SUPPLIED DATA:
_ _ _ _ _ _ _

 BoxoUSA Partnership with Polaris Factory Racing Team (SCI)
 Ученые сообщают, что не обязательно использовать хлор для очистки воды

_ _ _ _ _ _ _

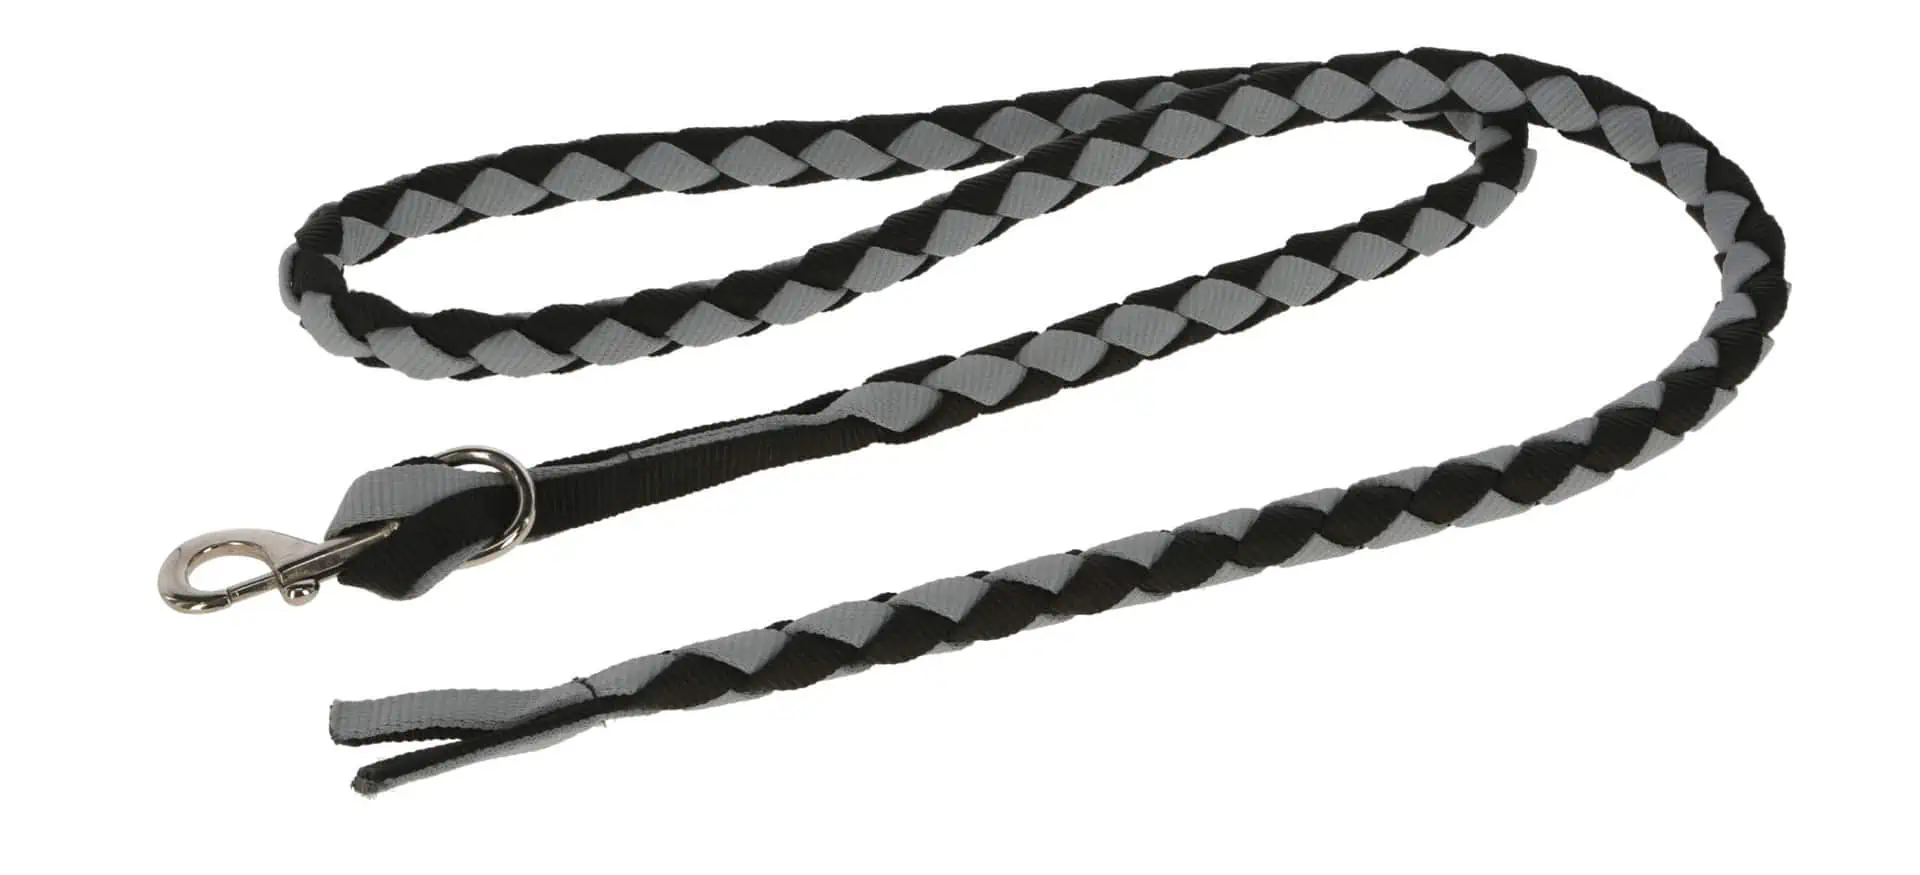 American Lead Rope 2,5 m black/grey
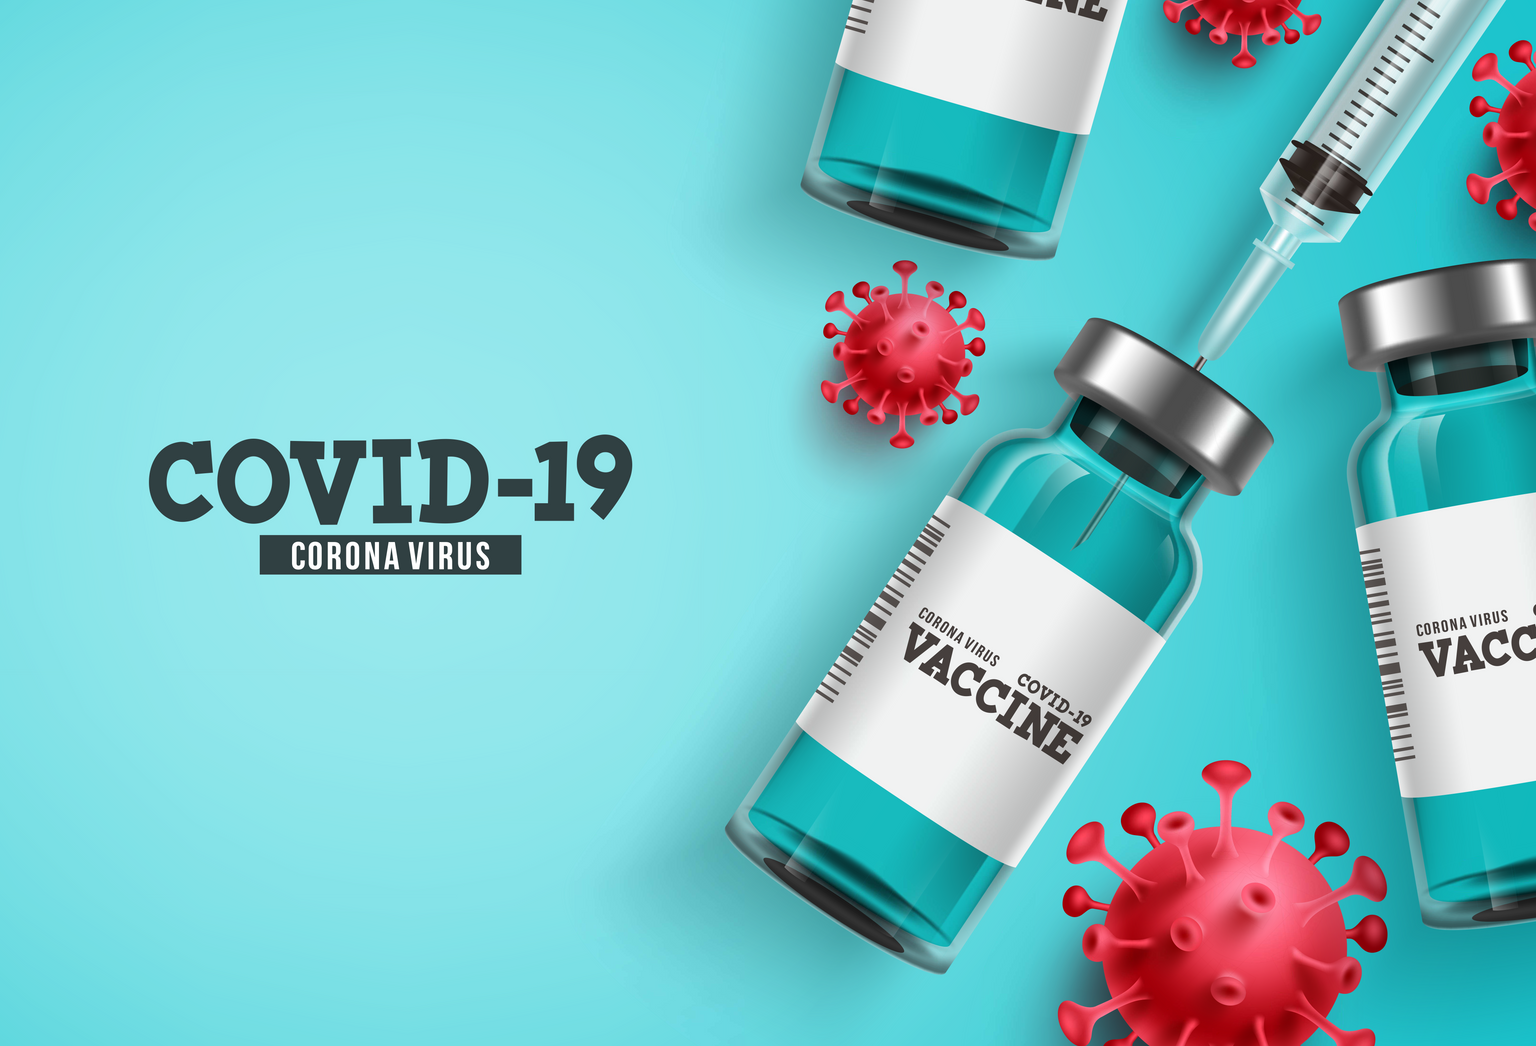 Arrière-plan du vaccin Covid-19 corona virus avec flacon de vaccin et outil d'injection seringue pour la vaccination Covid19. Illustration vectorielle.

_ _ _ _ _ _ _

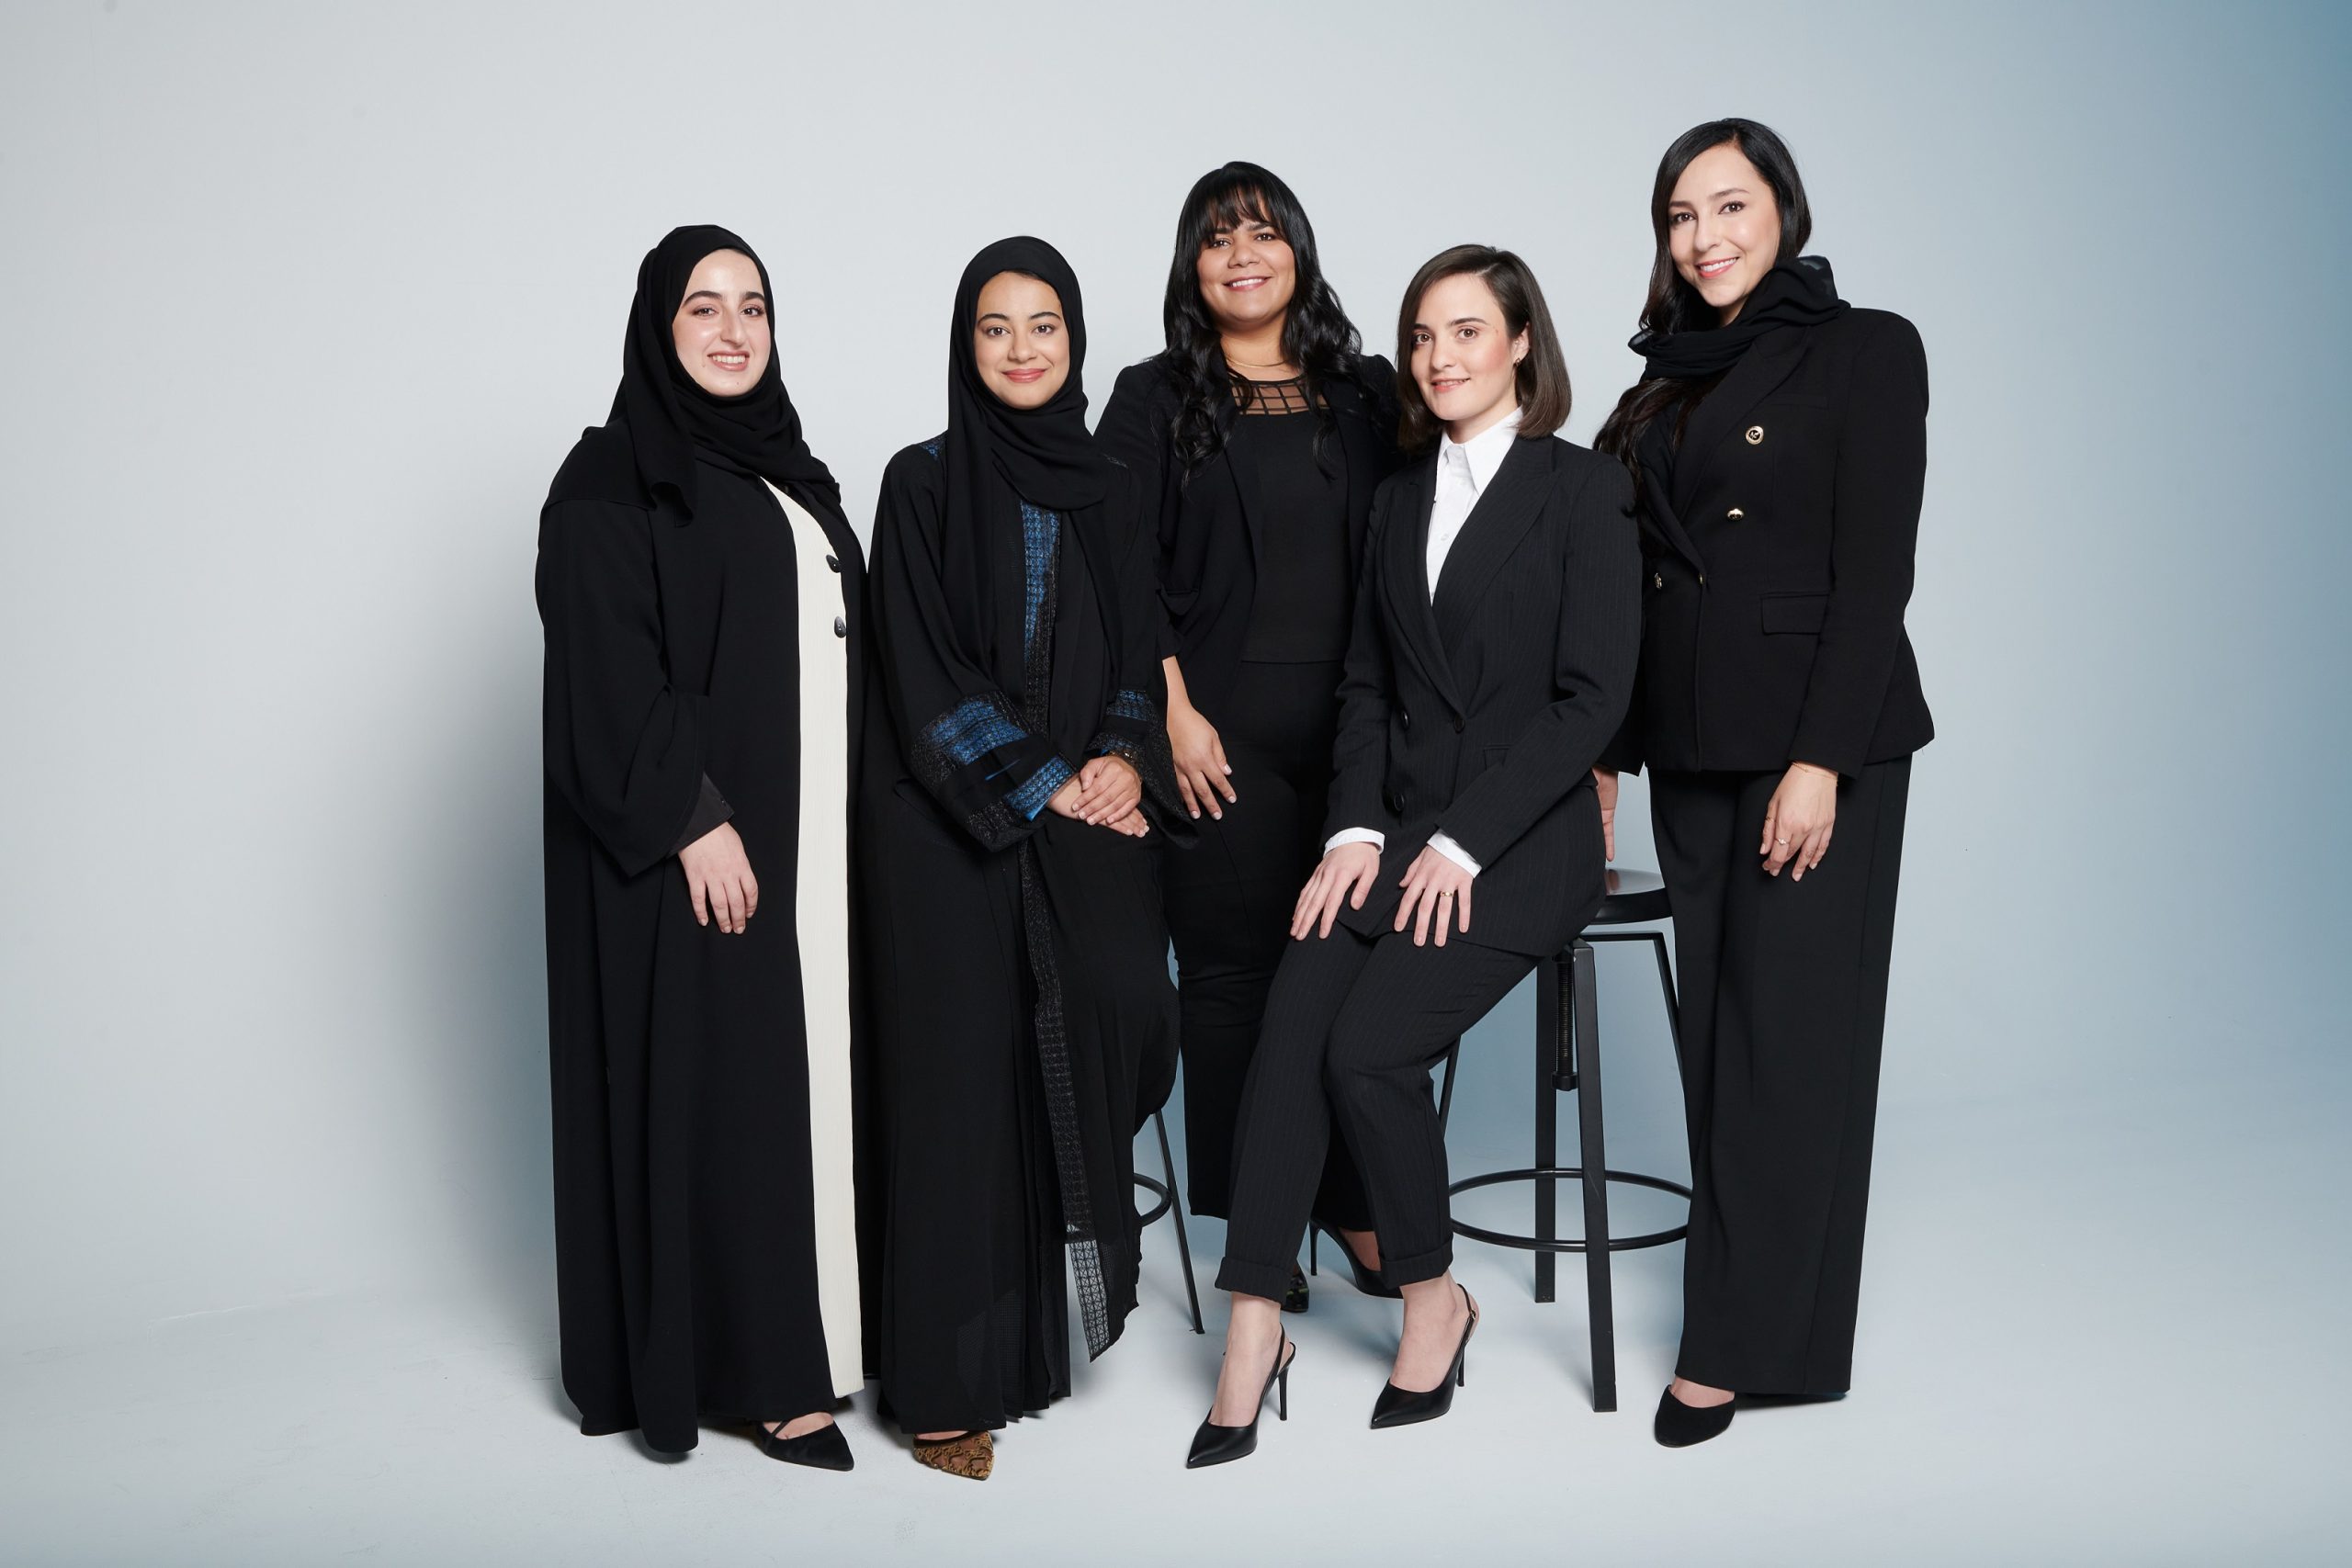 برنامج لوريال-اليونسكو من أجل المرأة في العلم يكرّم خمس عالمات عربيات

_ _ _ _ _ _ _

TASK ITEM: Return exactly the lines that appear in the data above between the line containing "American Lead Rope 2,5 m black/grey" and the line containing "Arrière-plan du vaccin", both of which are included, and leave the pictures out.

ANSWER BELOW:
 American Lead Rope 2,5 m black/grey
 Arrière-plan du vaccin Covid-19 corona virus avec flacon de vaccin et outil d'injection seringue pour la vaccination Covid19. Illustration vectorielle.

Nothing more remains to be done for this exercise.